Между тем немолодая дама исчезла. А год спустя, в день рождения Джеффа, она появилась у себя в имении, сорвала со входа сургучные печати жандармерии и покончила с собой.
Эпилог
Я судмедэксперт, и я долго вставал рано в поисках правды.
Мне часто приходилось отвечать на ночные вызовы прокуроров и осматривать тела на месте происшествия. Я приходил ранним утром в Институт судебной медицины, мое обычное место работы, чтобы проводить неотложные вскрытия по запросу властей. На пути к месту преступления, в операционном зале – где бы я ни был в эти предрассветные часы, наклоняясь над остывшим телом, я всегда был уверен в значимости своей профессии. Я – участник расследования.
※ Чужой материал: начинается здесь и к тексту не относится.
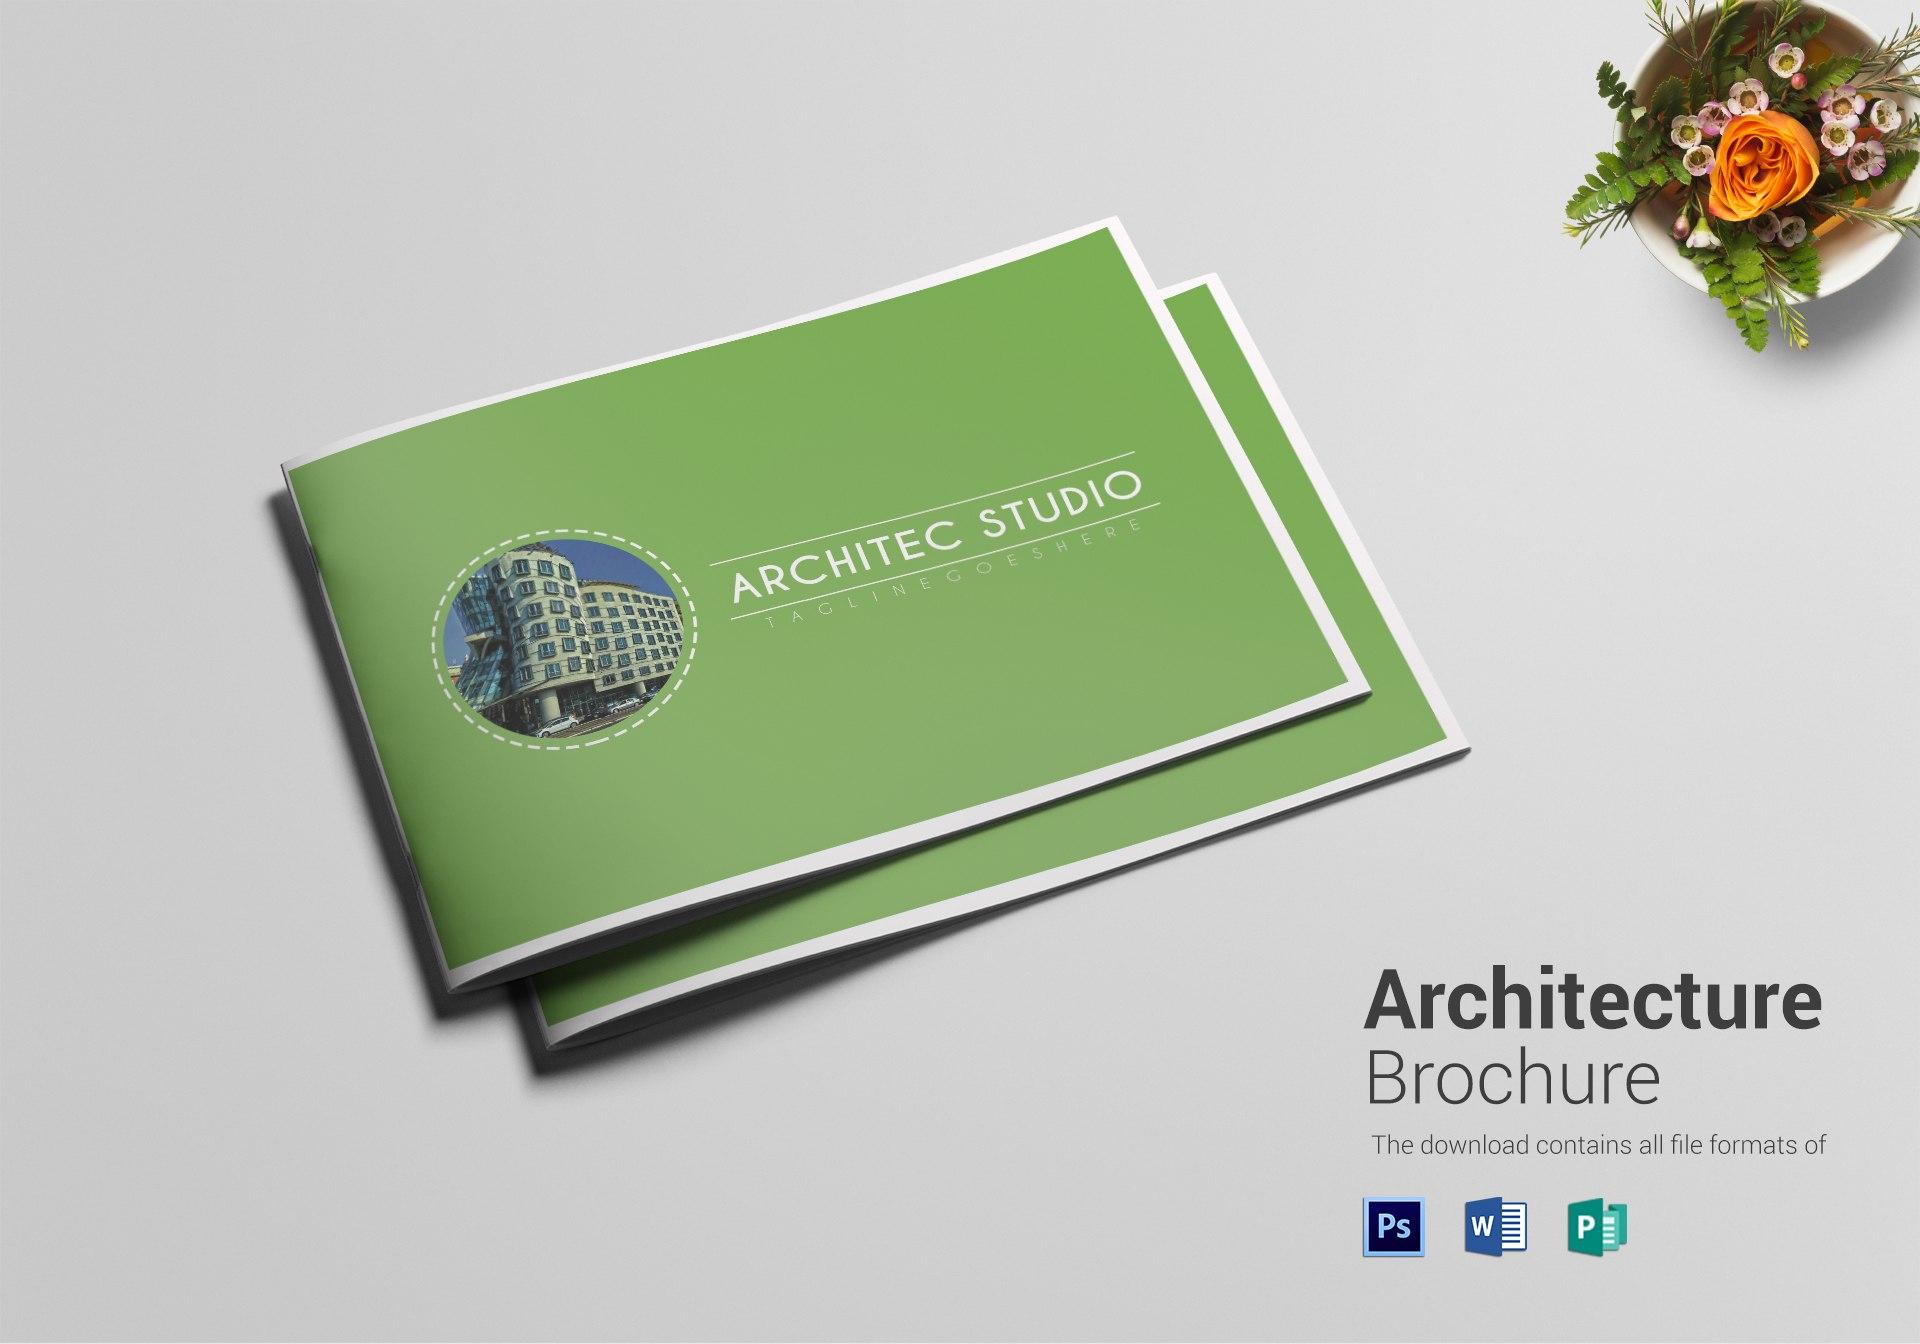 Modern Architecture Brochure Design Template In Psd Word Publisher For Architecture Brochure Templates Free Download

Пока полицейские и жандармы рылись в прошлом, изучали окружение и отношения жертвы, я опрашивал труп. Я был экспертом по телу.
Снабдить следователей деталями, позволяющими закрыть дело, дать им ключи к пониманию необъяснимой драмы, подтвердить или опровергнуть рабочую гипотезу – в этом моя миссия.
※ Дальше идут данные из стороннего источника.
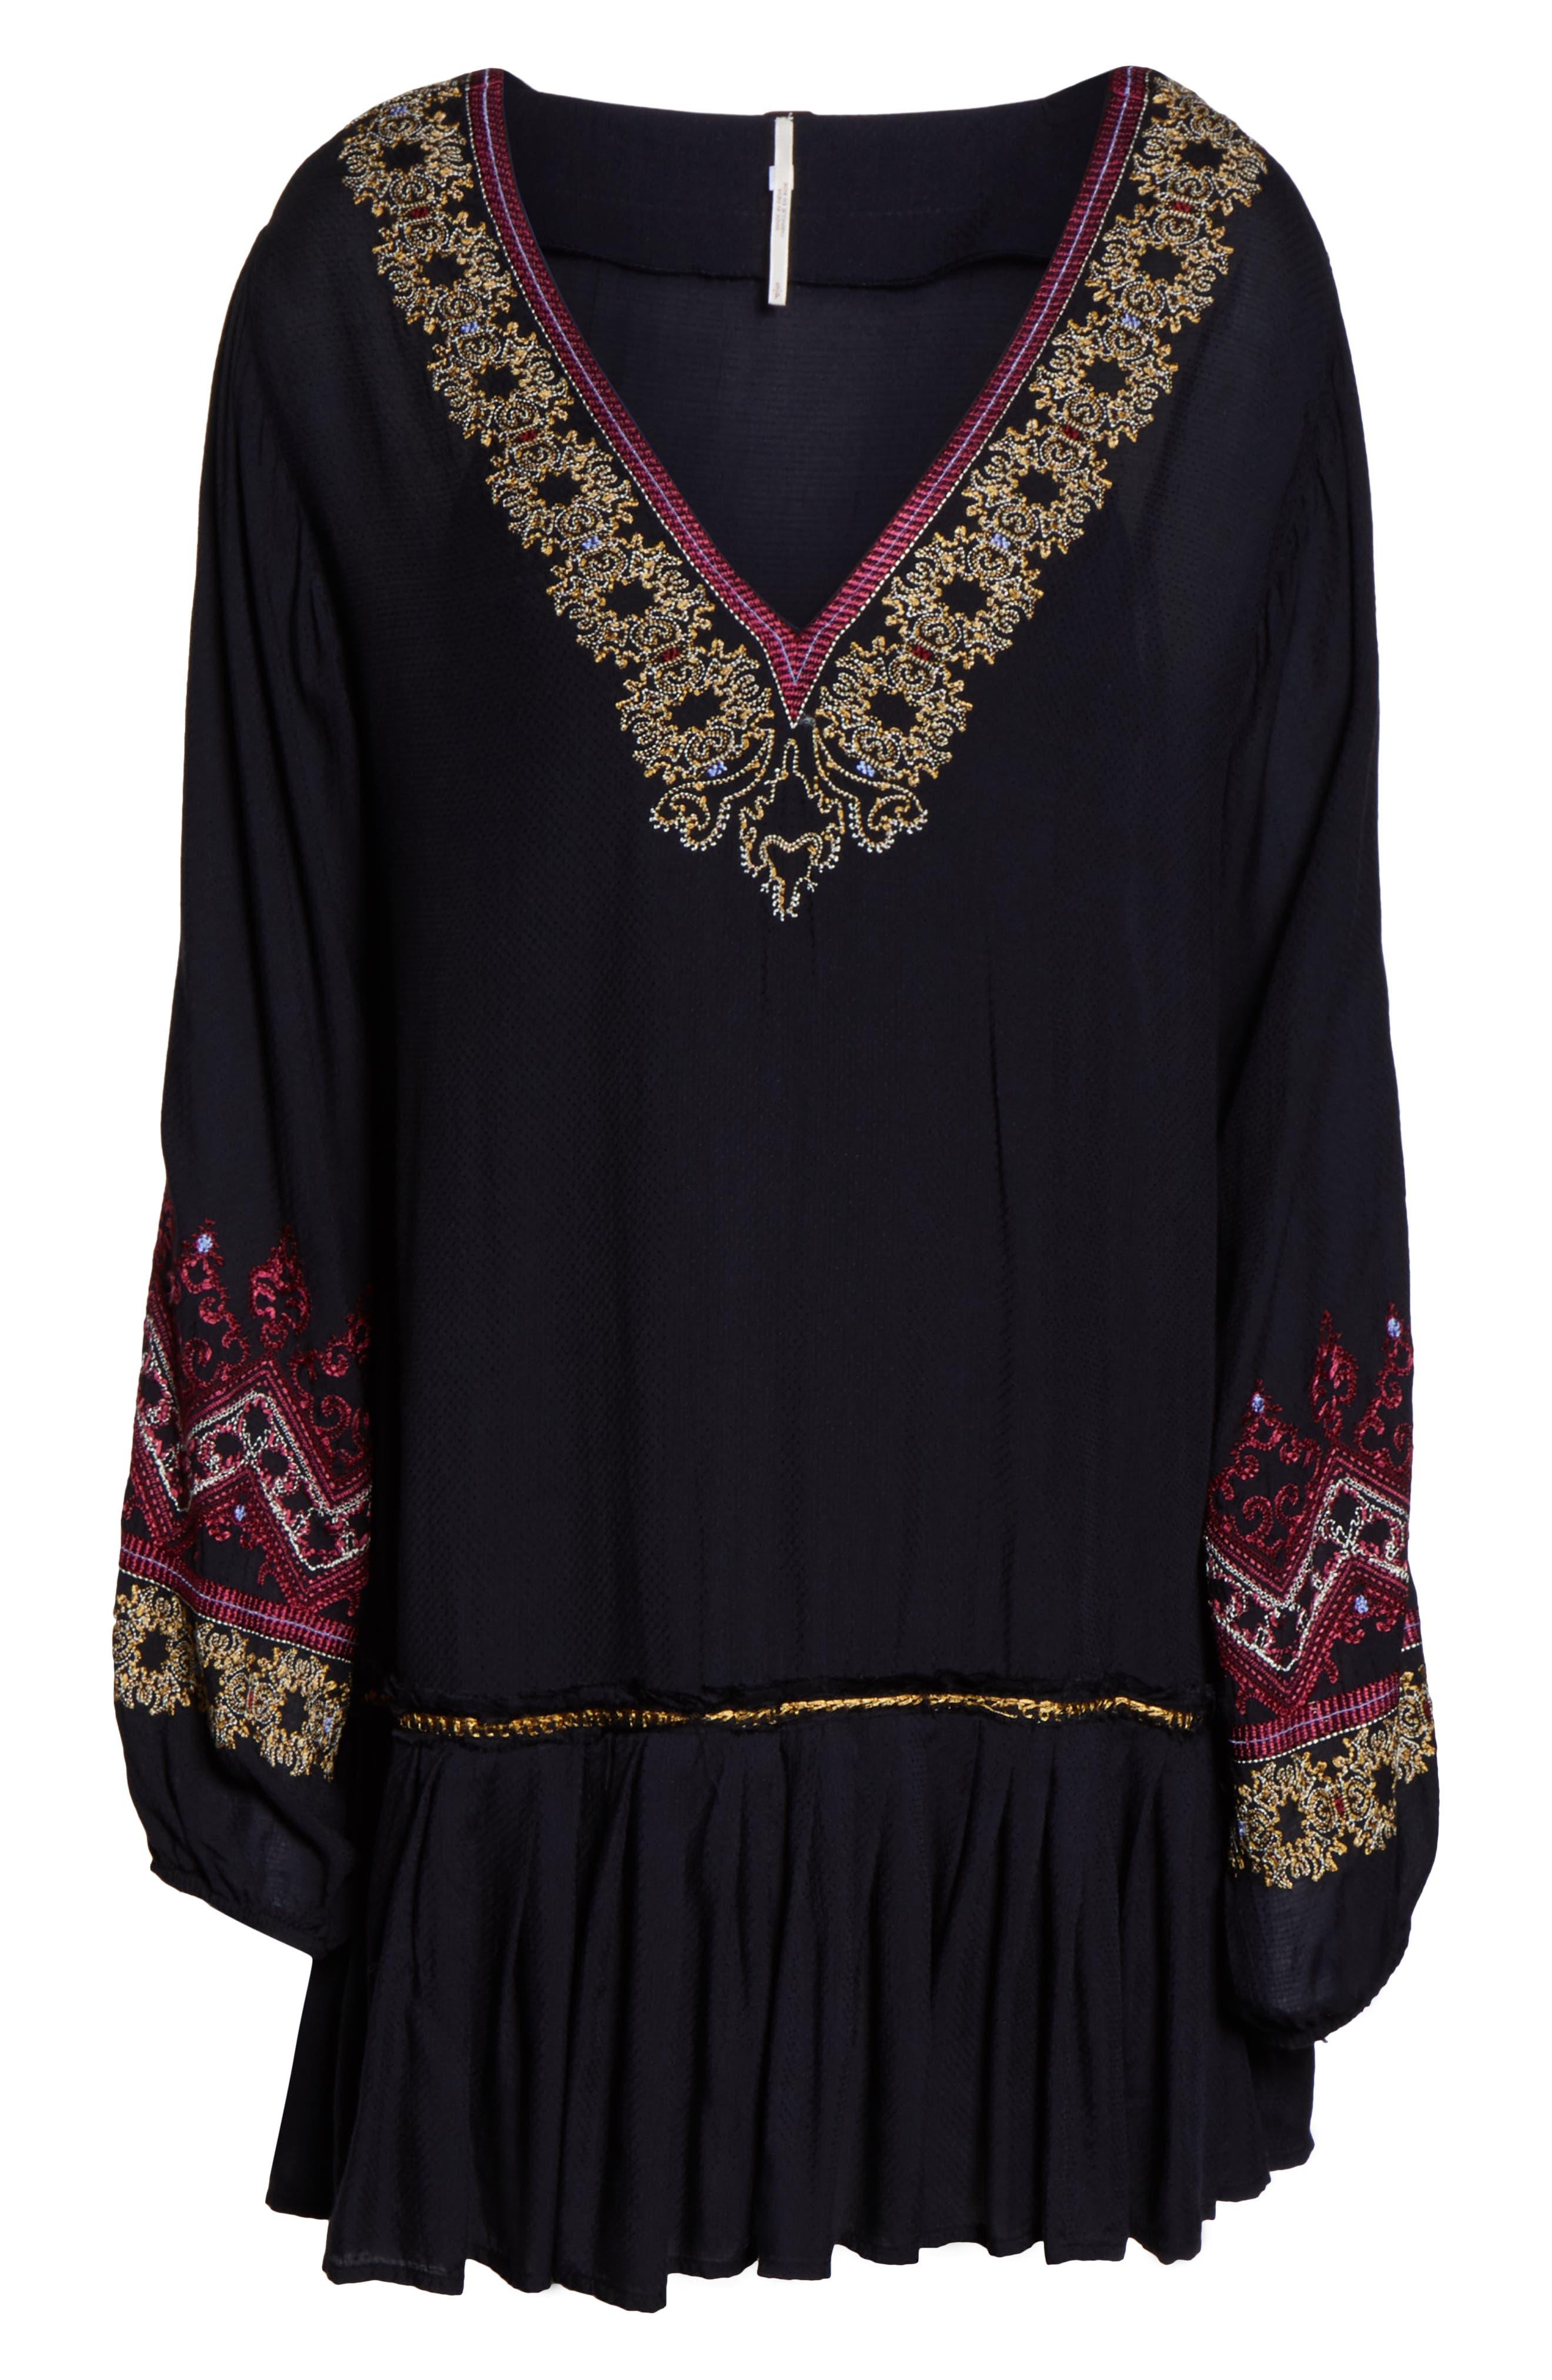 Wild One Embellished Dress,                             Alternate thumbnail 6, color,                             BLACK

И вместе мы были способны на многое. Хотя, конечно, я не всегда получал ожидаемый ответ. Есть мертвецы, которые предпочитают хранить молчание. Приходилось с этим считаться, признавая, что я не всегда выхожу победителем, бывает, что очная ставка проваливается. Бывало, что мой отчет о вскрытии был центральным пунктом уголовного расследования, но оказывался совершенно бесполезным для выявления правды. В общем я, благодаря своей профессии, регулярно получал замечательные уроки смирения.
Случалось даже, что меня «забывали» позвать на следственный эксперимент, хотя годом ранее я проводил осмотр тела и места происшествия, делал вскрытие жертвы. Так что порой приходится разочаровываться в собственной незаменимости. Как показывает практика, судебные процессы иногда прекрасно идут и без меня.
И, наконец, я обнаружил, что каким бы высоким ни было качество моей работы, мое участие в расследовании не зависит ни от моего желания, ни от моих навыков. Потому что до сих пор только прокурор решает, проводить вскрытие и все дополнительные исследования или нет. Он отдает распоряжение, а я всего лишь подчиняюсь. Если он отказывает в компьютерной томографии, МРТ или токсикологических и патологоанатомических анализах (все это дорого обходится бюджету правосудия), то мне остается лишь смириться и учесть это в отчетах. Если же прокурор требует провести вскрытие, то я обязан это сделать, даже если считаю процедуру совершенно бесполезной с экспертной точки зрения.
Зачем вскрывать 35-летнего сторожа, обнаруженного мертвым на своем диване, если компьютерная томография хорошо показывает спонтанный разрыв аневризмы головного мозга? Зачем подвергать посмертному насилию (а вскрытие – это насильственное вмешательство) этого самоубийцу – ведь он оставил письмо, а на КТ-снимках нет никаких следов внешнего вмешательства и следов насилия?
Нужно следовать указаниям, действовать согласно протоколу и заполнять нужные формуляры. Пока административная скрупулезность выигрывает, а медицина проигрывает.
Дать судмедэксперту право решать, какие экспертизы проводить и оставить за ним выбор применяемых методов – вот вызов судебной медицине XXI века.